§ **Work request**
Could the data below be retyped exactly, without its pictures?

§ **Material provided**

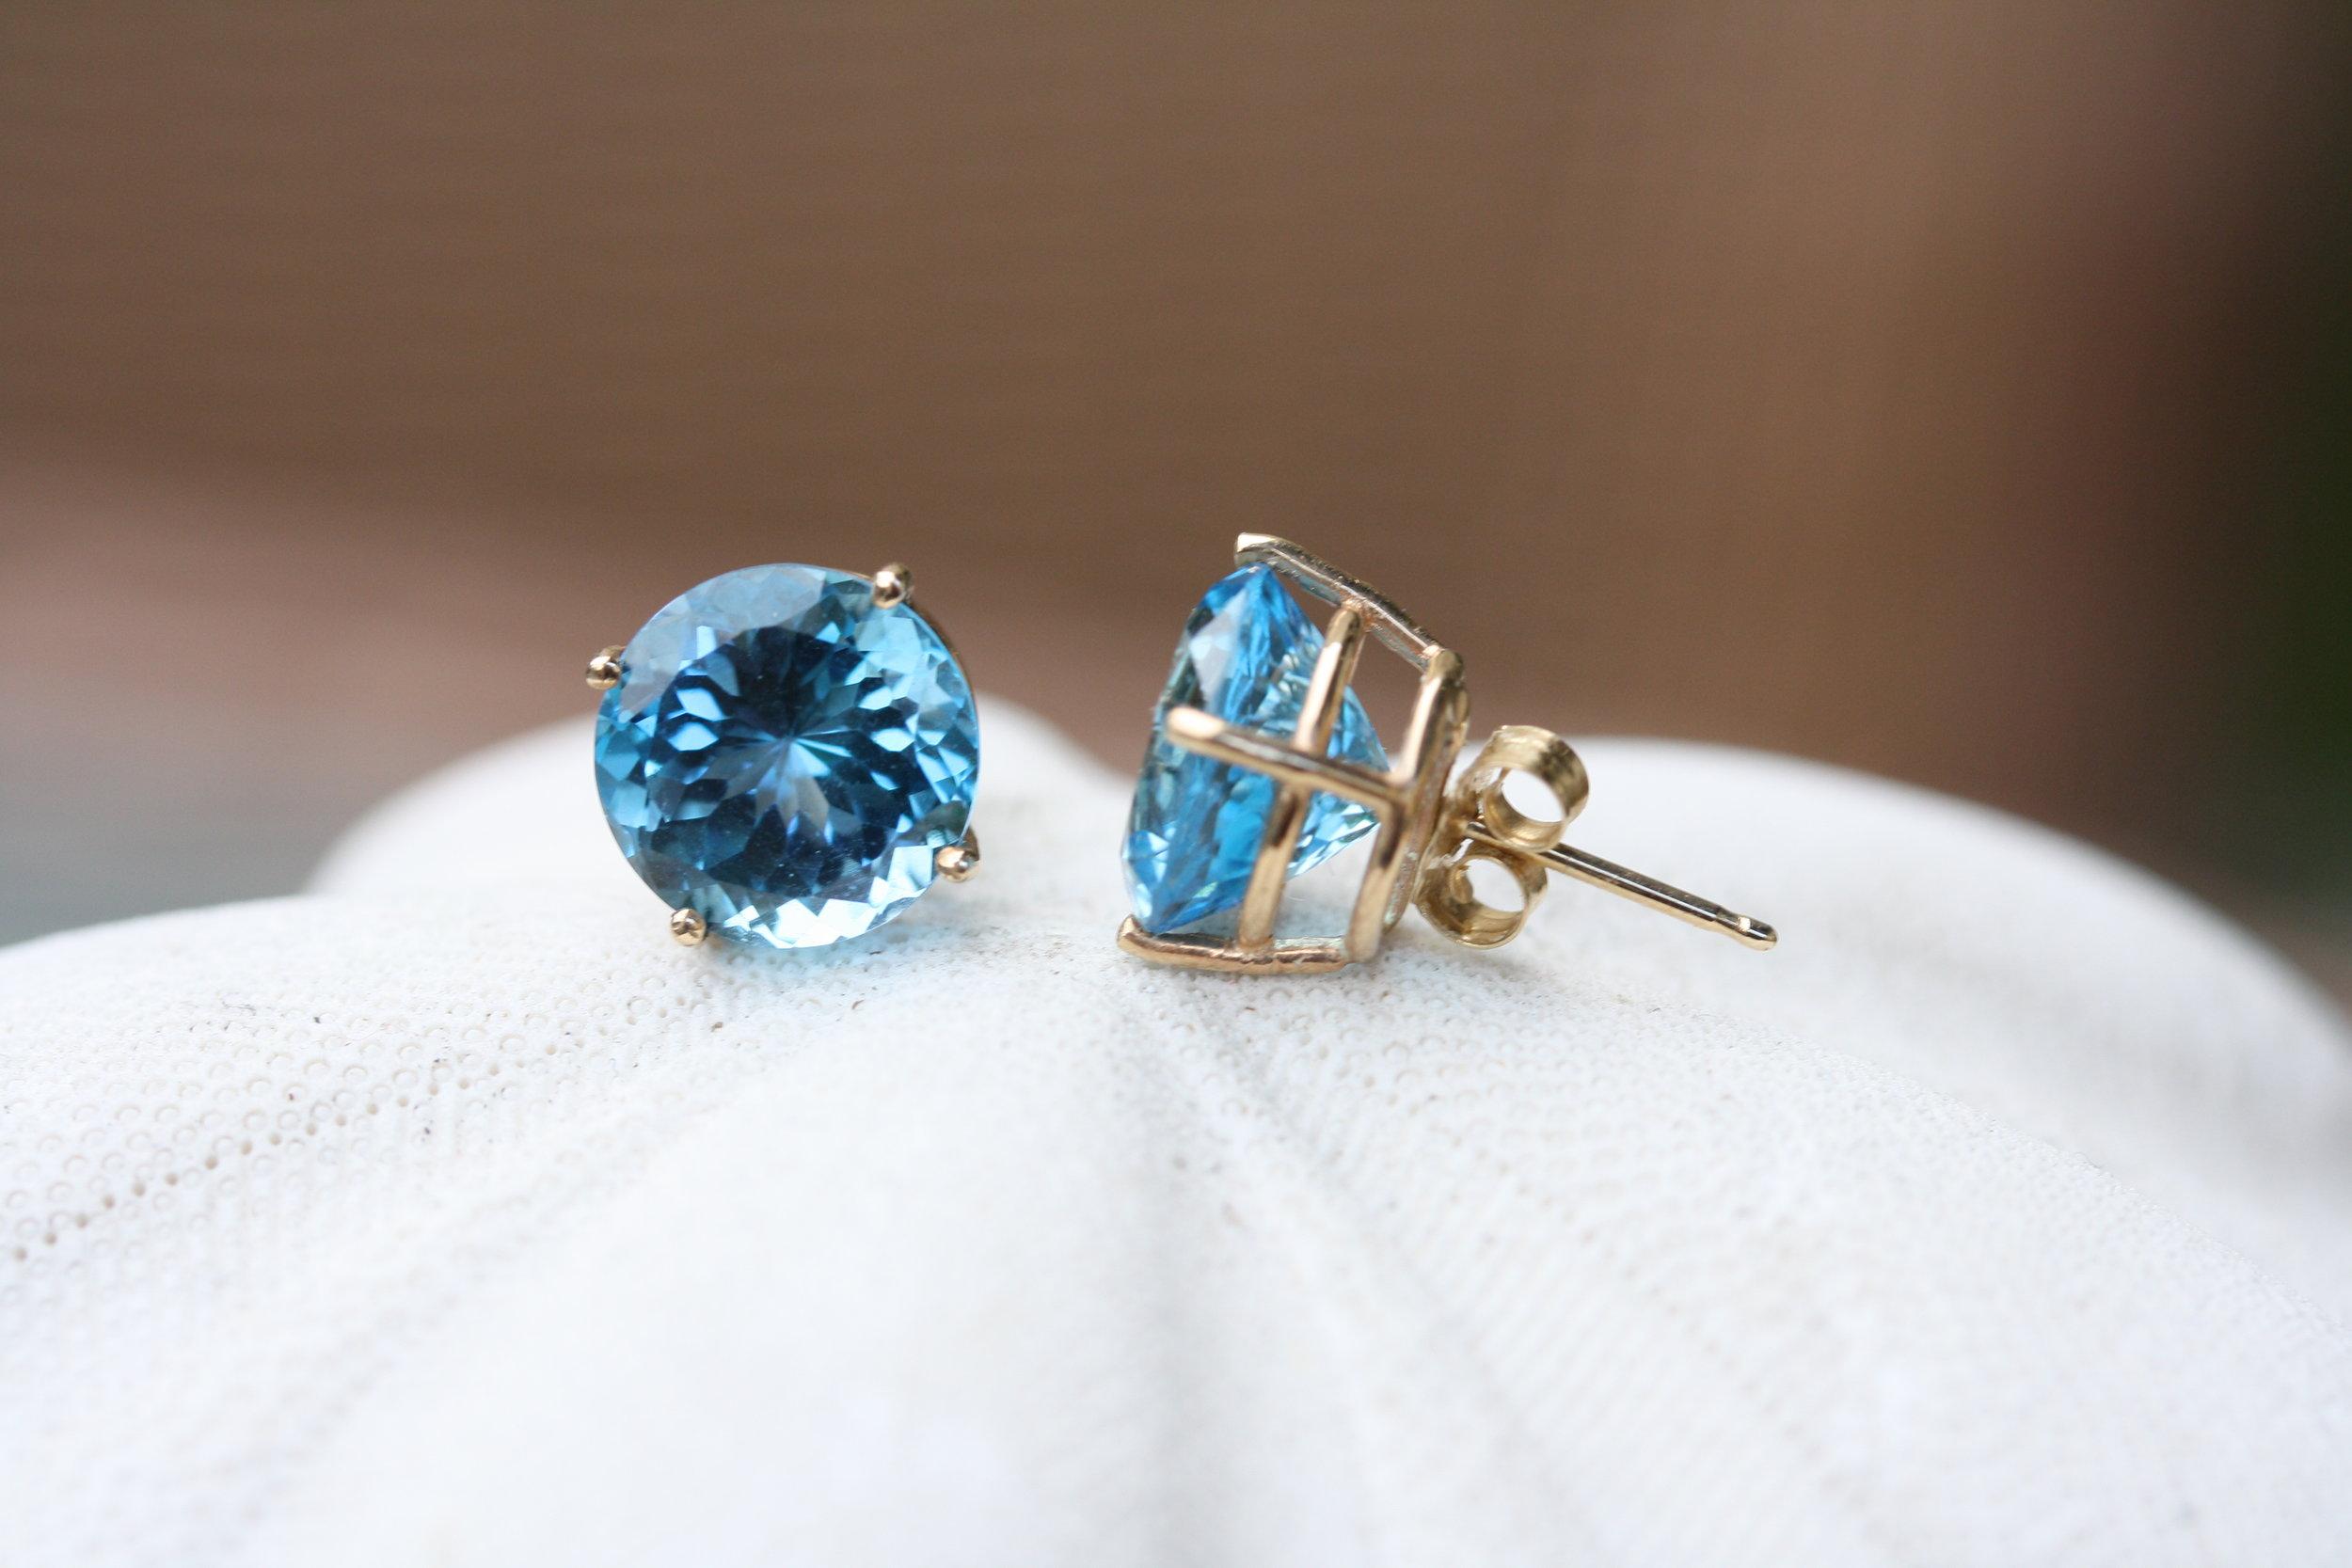 Stud Earrings Blue Topaz Round 14KY-STUD-RD-BTO-14KY_03 copy.JPG
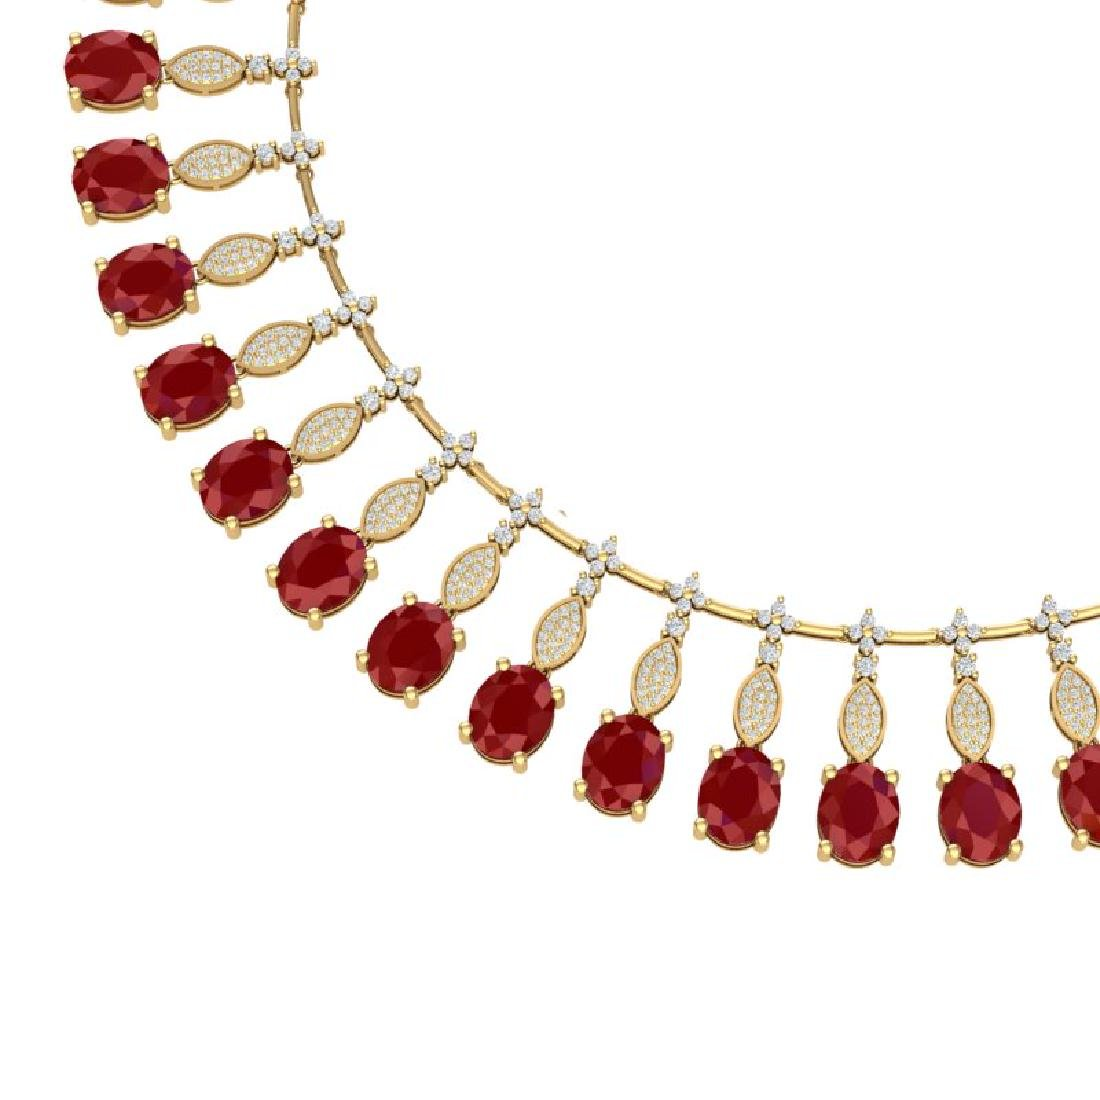 65.62 CTW Royalty Ruby & VS Diamond Necklace 18K Yellow
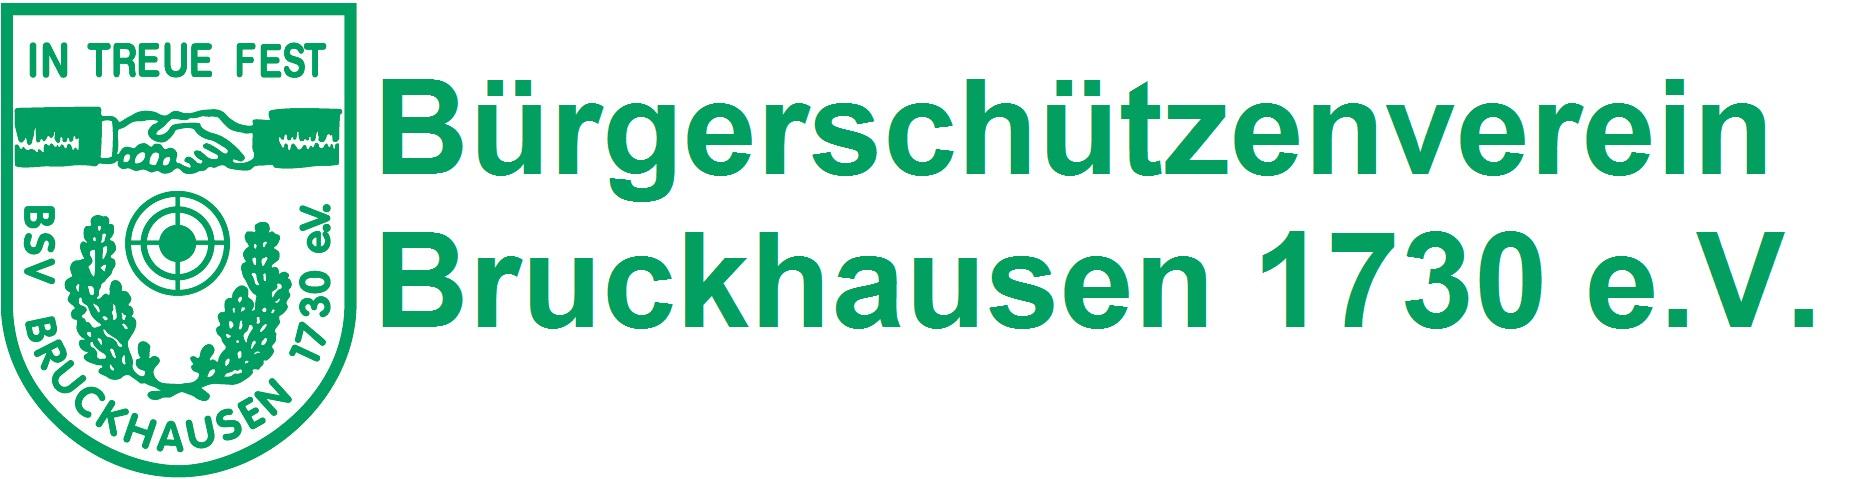 BSV Bruckhausen 1730 eV

§ **Result for this task**
 Stud Earrings Blue Topaz Round 14KY-STUD-RD-BTO-14KY_03 copy.JPG
 65.62 CTW Royalty Ruby & VS Diamond Necklace 18K Yellow
 BSV Bruckhausen 1730 eV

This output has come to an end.